In 2015, 26 of Blackstone’s 158 interns are from other countries. The interns departed their training in Phoenix on June 19 to serve in 17 countries including the U.S.

They are 103 males and 55 females from 62 leading law schools, 10 of the schools outside the U.S.

Jeffery Ventrella, Ph.D., ADF senior counsel and senior vice president for student training and development, told The Wanderer that while here, the interns received instruction from experts in “theology, history, jurisprudence, philosophy, law, natural law, constitutionalism, federalism, marriage contra [same-sex marriage], religious exercise contra mere ‘worship,’ and life contra commodization.”

Forty-four of the interns are Roman Catholic and had access to an onsite daily Mass during the training. The other interns also had regular religious observance.

“The interns understand, experience, and apply the mark of being a Jesus follower: love of God and man,” Ventrella said, with their Christian faith “best expressed in the great ecumenical creeds and confessions of the Church.”

In addition to U.S. interns, participants this year come from Argentina, Mexico, Sweden, Colombia, Peru, Brazil, the UK, Chile, Canada, and Guatemala, Ventrella said. Besides the U.S., they’re assigned to work in Belgium, Austria, South Africa, India, Switzerland, Italy, Israel, Argentina, Mexico, Sweden, Peru, Brazil, the UK, Chile, Canada, and Guatemala.

The Wanderer attended the interns’ afternoon training of June 18.

Sofia Martinez, herself a Blackstone participant in 2010, works in the Mexico City office of ADF International and spoke on “International Institutions and the Threat of Transnationalism.”

She told the audience how “soft law” is developed through different bodies’ resolutions, recommendations, protocols, treaties, and other instruments that aren’t binding but can serve as “a framework” to build on for promoting a cause like permissive abortion.

The cause may not have succeeded in a nation, Martinez said, but these documents can “undermine national law” and eventually position the cause “as the new law.”

The battle to undermine “life, family, and religious freedom” started to be encountered in the U.S., Europe, and Latin America, she said.

The United Nations is “an enormous organization” with so many committees, councils, and other bodies that the structure is very complicated, she said.
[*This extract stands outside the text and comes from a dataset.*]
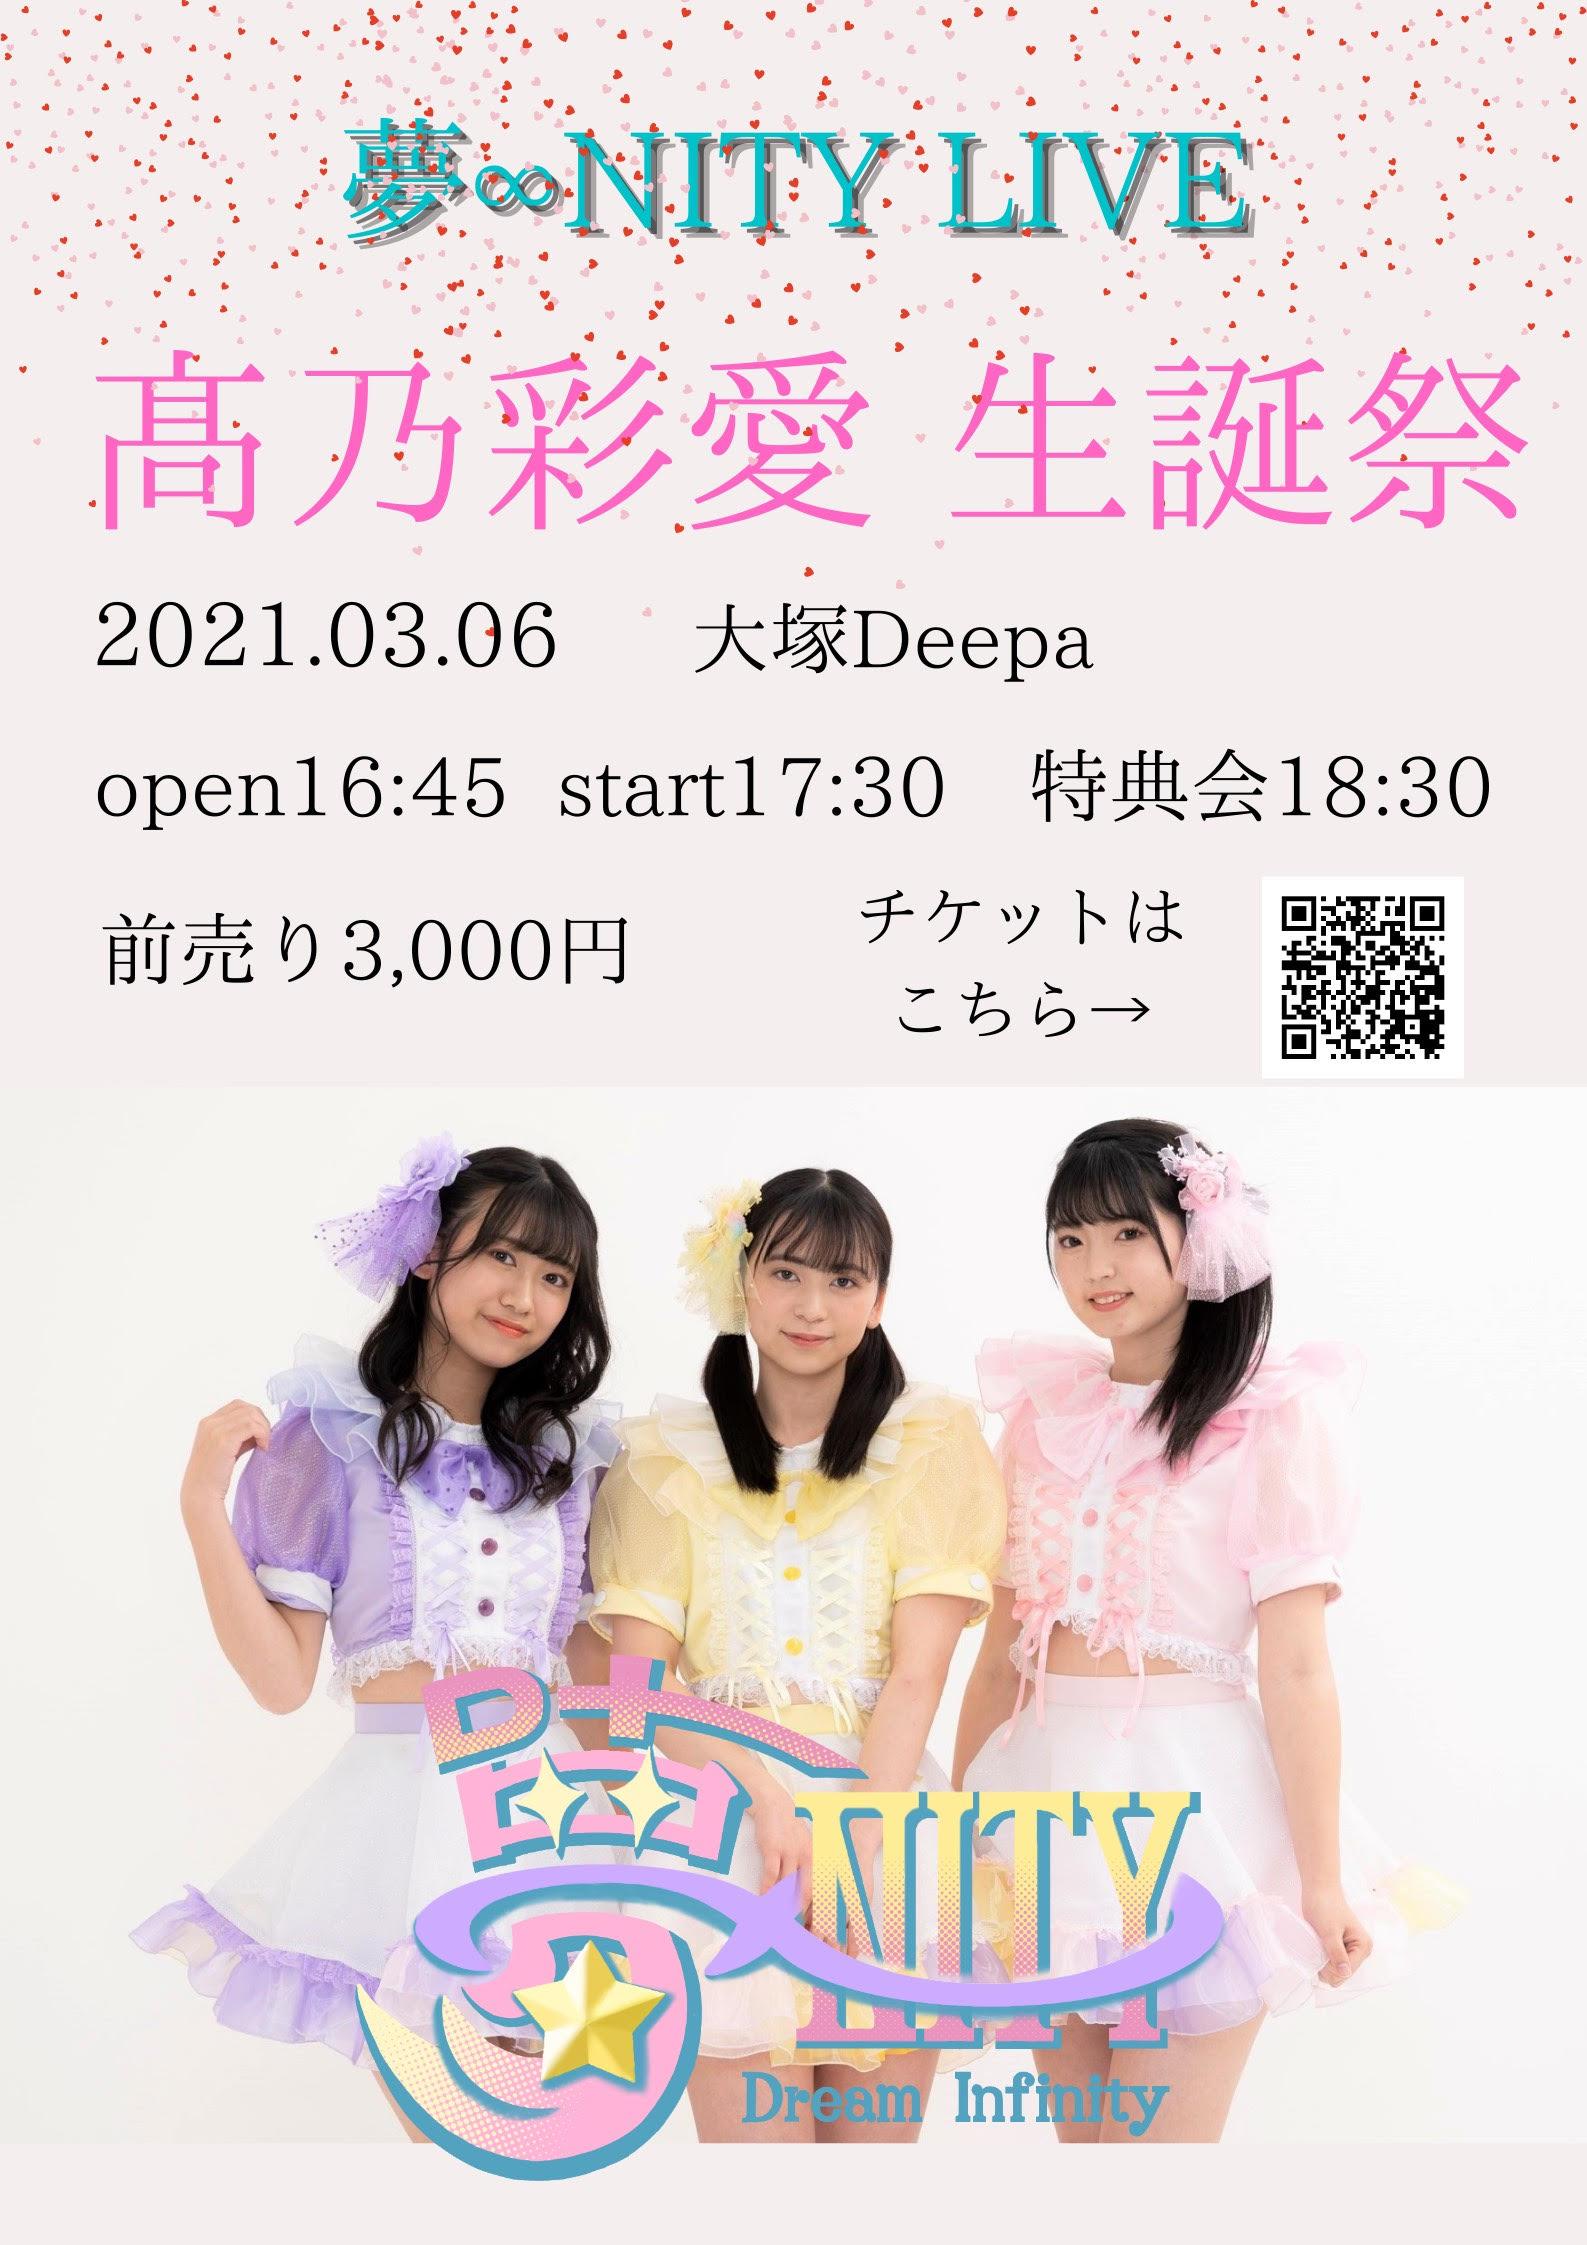 夢∞NITY LIVE 髙乃彩愛 生誕祭

Committees on topics like violence against women, discrimination against women, and the rights of the child can be useful for shoehorning in an agenda.

“Sexual and reproductive rights” are said to bring everyone “a happy and fulfilling life,” she said, and are advanced as part of “human rights.”

Although something like an alleged right to abortion isn’t even mentioned in documents, she said, that can be the meaning behind the words.

“No one likes to be painted as a country that violates human rights,” she said.

Even though an original treaty may not even have contemplated a current situation, that doesn’t stop activists on the other side from trying to use it to their advantage, she said.

Giving an example of what amounted to pro-abortion trickery, Martinez told of abortion advocates having a South American woman sign a paper requesting an abortion for her healthy ten-year-old daughter, even though the woman couldn’t read Spanish and spoke only an indigenous language.

This was part of their campaign to widen access to abortion there, Martinez said.

“Our presence needs to grow, our voices need to be heard to speak up,” she said.